The next thirty-six hours were torturous. Imagine the worst hangover you’ve ever had, tack on three sleepless nights, and then climb aboard a cross between a rollercoaster and the teacups ride at Disney World. The Block Island crept at three knots, pulling the Zulu through wave after towering wave. Over and over, the towline buried itself in the belly of a giant wave, dragging the boat directly through wall of water. Sager was amazed the line hadn’t snapped, and more importantly, that their vessel hadn’t crumbled. They couldn’t read, couldn’t sleep, couldn’t even urinate standing up. All they could do was grimace, and endure, and dream about their first meal on dry land.
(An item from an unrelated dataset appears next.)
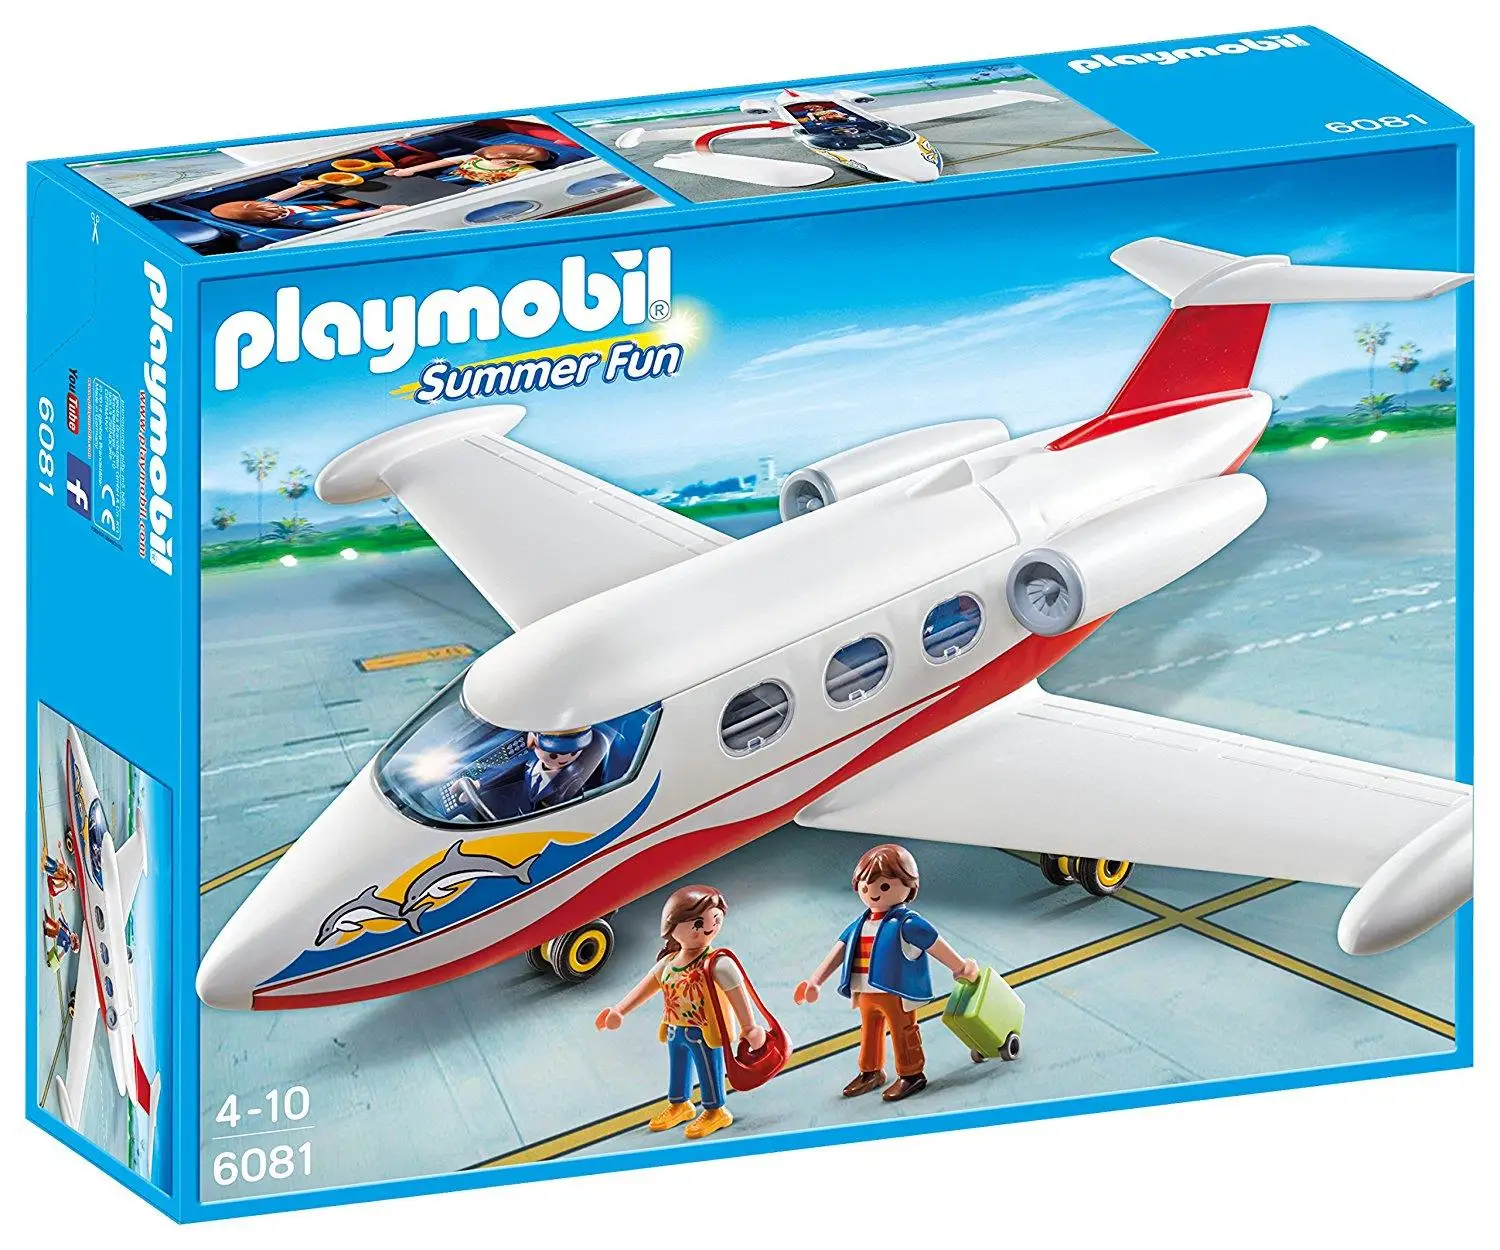 Playmobil 6081 holiday Avion items created Manual

In the days and weeks after Zulu reached port under USCG tow, much was written about the ill-fated November crossing. The Salty Dawg Rally came under criticism by the international sailing community for encouraging inexperienced sailors to make the journey in unpredictable weather. Salty Dawg officials responded by claiming that each skipper had to make his or her own decision to go or stay, and the rally was not responsible for inspecting the vessels before departure. Whoever was to blame, the incident was a stark reminder that no matter how many boats are in your fleet, once sailors leave the dock, they’re on their own.

Thanks to the Coast Guard, everyone who left port on the first week of November was accounted for. Shortly after arriving in Norfolk, Virginia, Scott Zaminer was quickly taken into surgery, where his burst appendix was removed. He spent a week in the hospital but made a full recovery. Nate Oberg quickly found another boat to skipper, getting right back on the horse that bucked him. As for Brian Sager, when another family friend asked him if he wanted to help sail a boat back from the BVIs this April, he booked his ticket and packed his bags without batting an eye—because when the sea is in your blood, the sea is in your blood.